The above configuration was known to be working on version 6.2.0.

gavin-cudo avatar Sep 08 '22 15:09 gavin-cudo

After further investigation, commenting out lines 114 to 118 in https://github.com/OpenNebula/one/blob/master/src/im_mad/remotes/node-probes.d/pci.rb#L114 allows the GPUs to be listed (albeit without the names showing, only IDs).

The offending lines are:

# The main device cannot be used, skip it
if CONF[:nvidia_vendors].include?(dev[:vendor]) &&
`ls /sys/class/mdev_bus | grep #{dev[:short_address]}`.empty?
next
end

So it looks like a bug introduced in 6.4 when vGPU support was added with commit https://github.com/OpenNebula/one/commit/7f719598bdf727d25490d5dac2915b0396b51309

gavin-cudo avatar Sep 14 '22 08:09 gavin-cudo

@xorel can you review the changes on this branch as it fixes a further issue where VMs fail as the UUID is still set in the host xml meaning that vGPU is always enabled even on hosts that only support passthrough.

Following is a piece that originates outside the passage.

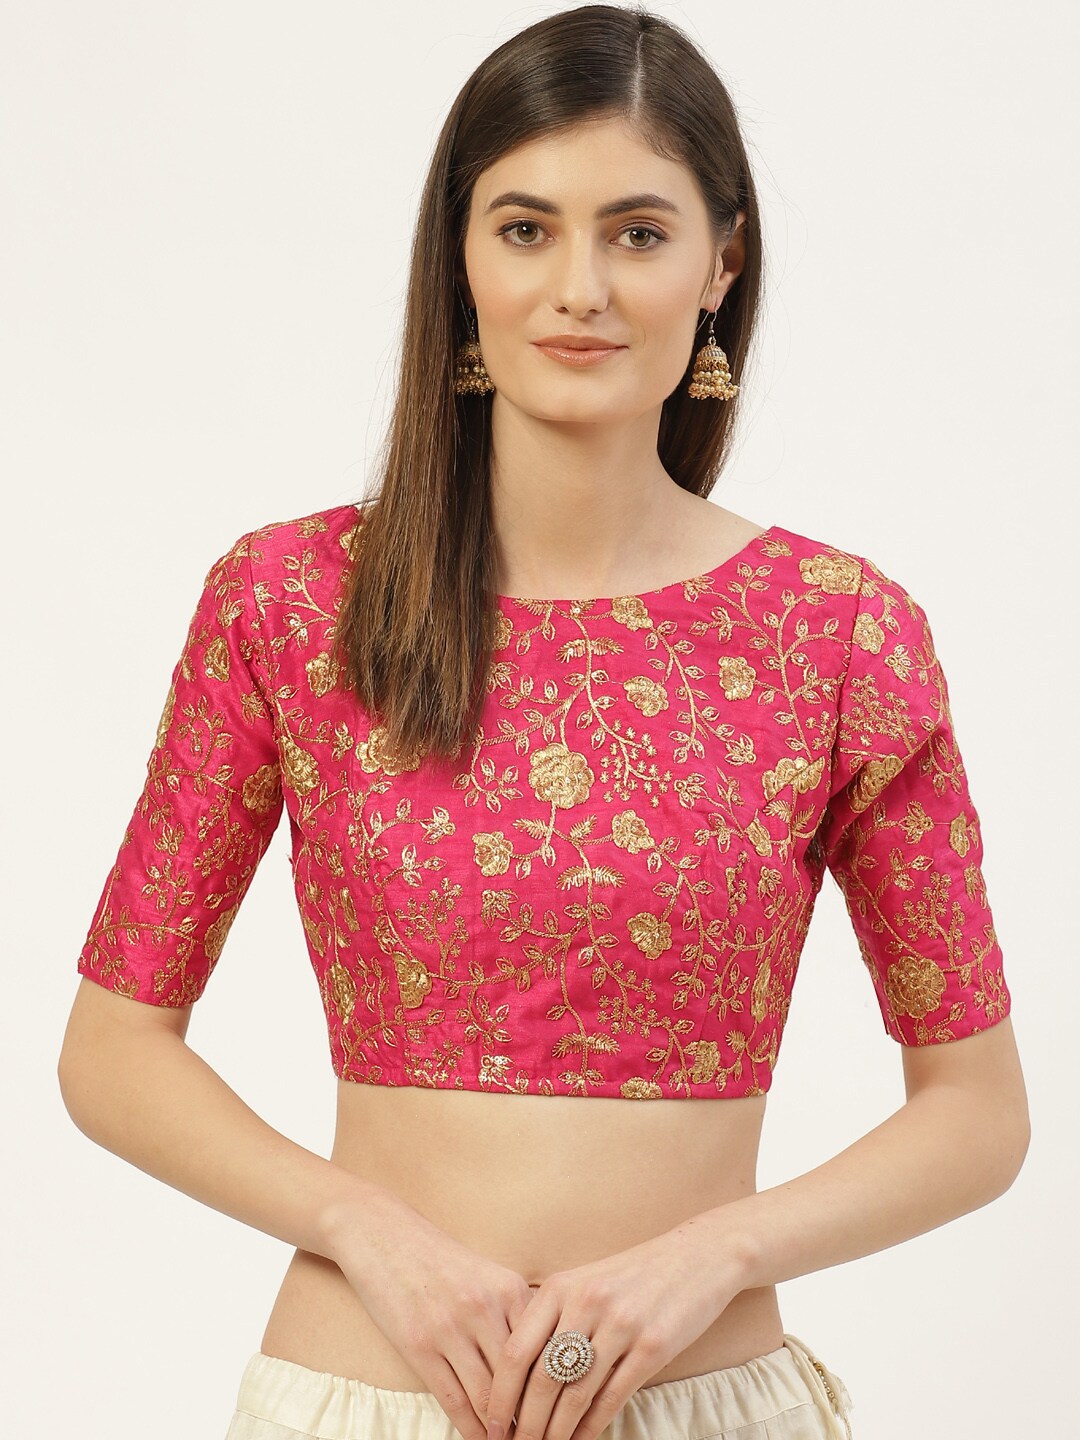 Studio Shringaar Pink & Golden Zari Embroidered Saree Blouse Price in India
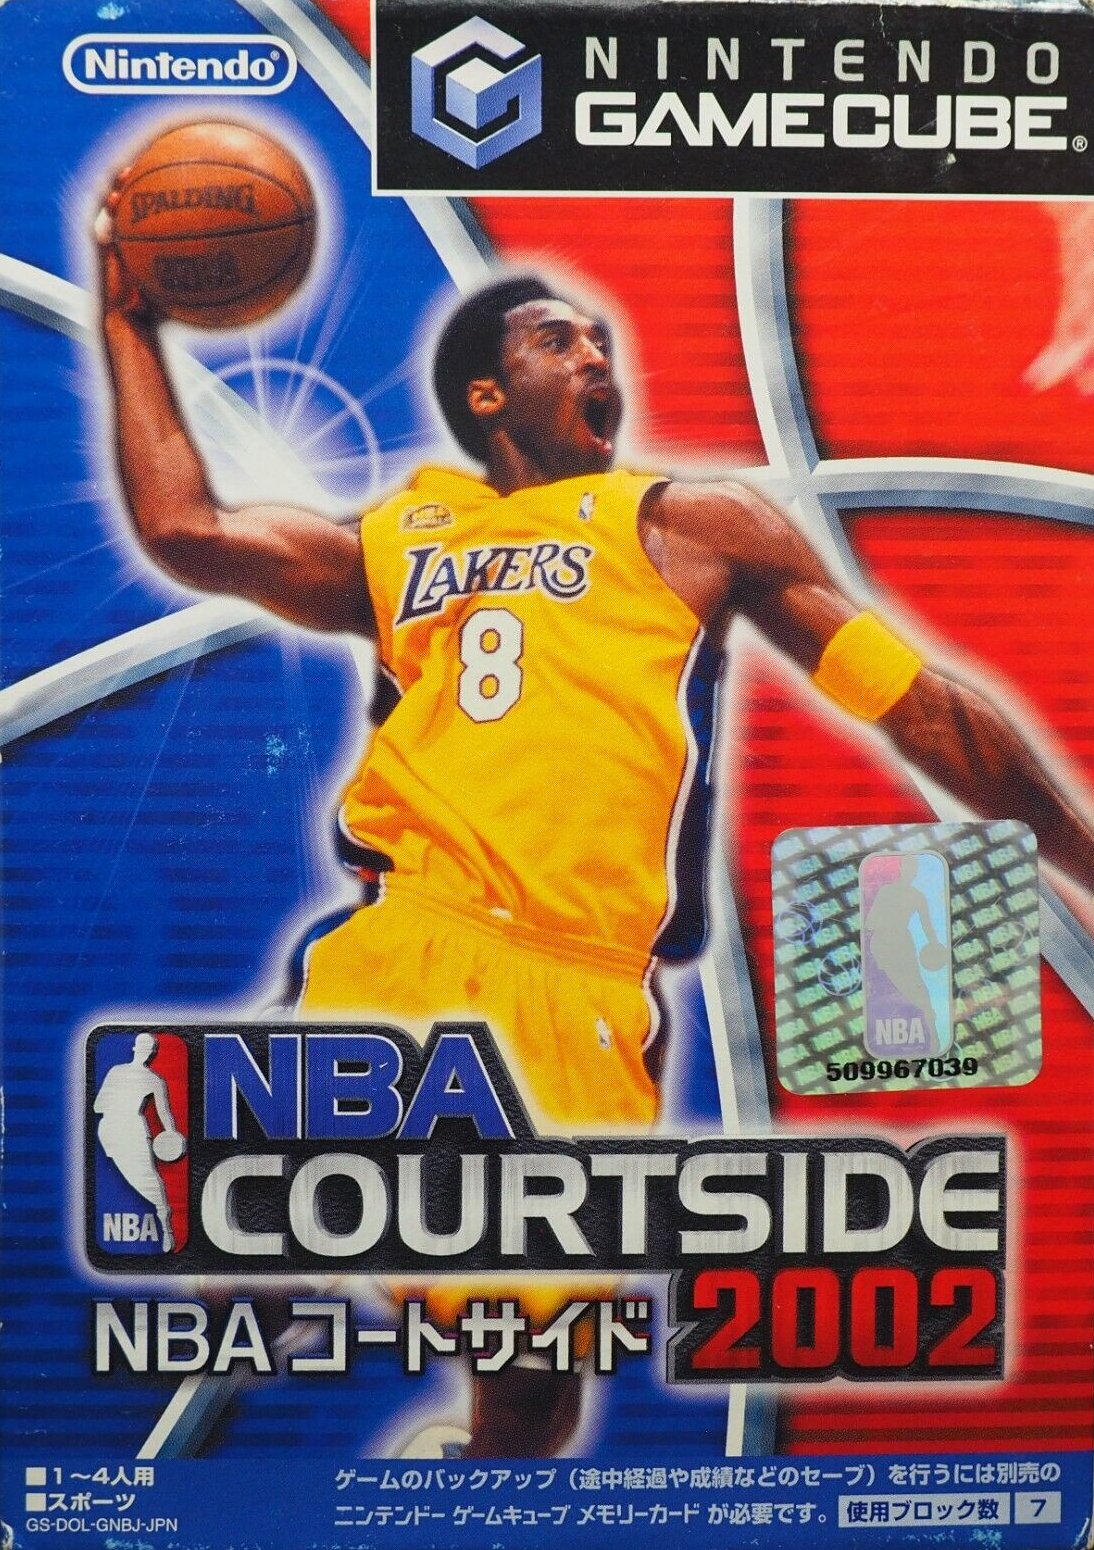 Game | Nintendo GameCube | NBA Courtside 2002 [Japan]

https://github.com/OpenNebula/one/pull/5982

JungleCatSW avatar Sep 28 '22 19:09 JungleCatSW

@JungleCatSW @gavin-cudo Do you have a workaround to actually get PCI passthrough to work on 6.4? We found ourselves in the same boat with an invisible GPU until we commented out the filtering in pci.rb.

We face a similar problem to this ON Forum Post, with the full error message (04:00.00 is our host PCI address):

Fri Sep 30 17:45:23 2022: DEPLOY: Directory '/sys/class/mdev_bus/0000:04:00.0' does not exist error: Failed to create domain from /var/lib/one/datastores/110/1814/deployment.0 error: device not found: mediated device 'f7cdd2bc-e0bc-51f5-bdf3-62261edc310c' not found Could not create domain from /var/lib/one/datastores/110/1814/deployment.0 ExitCode: 255

cirquit avatar Sep 30 '22 15:09 cirquit

@cirquit see https://github.com/OpenNebula/one/pull/5982

You just need to replace one line in each pci.rb and pci.conf

JungleCatSW avatar Sep 30 '22 18:09 JungleCatSW

@JungleCatSW Unfortunately, applying this change only fixes the invisibility of the PCI device, but not the passthrough error when booting a new VM with a passthrough GPU (not a vGPU). It looks to me that #5968 and the passthrough problem are related, as ON currently wants to get a mediated device (vGPU) instead of a PCI passthrough device.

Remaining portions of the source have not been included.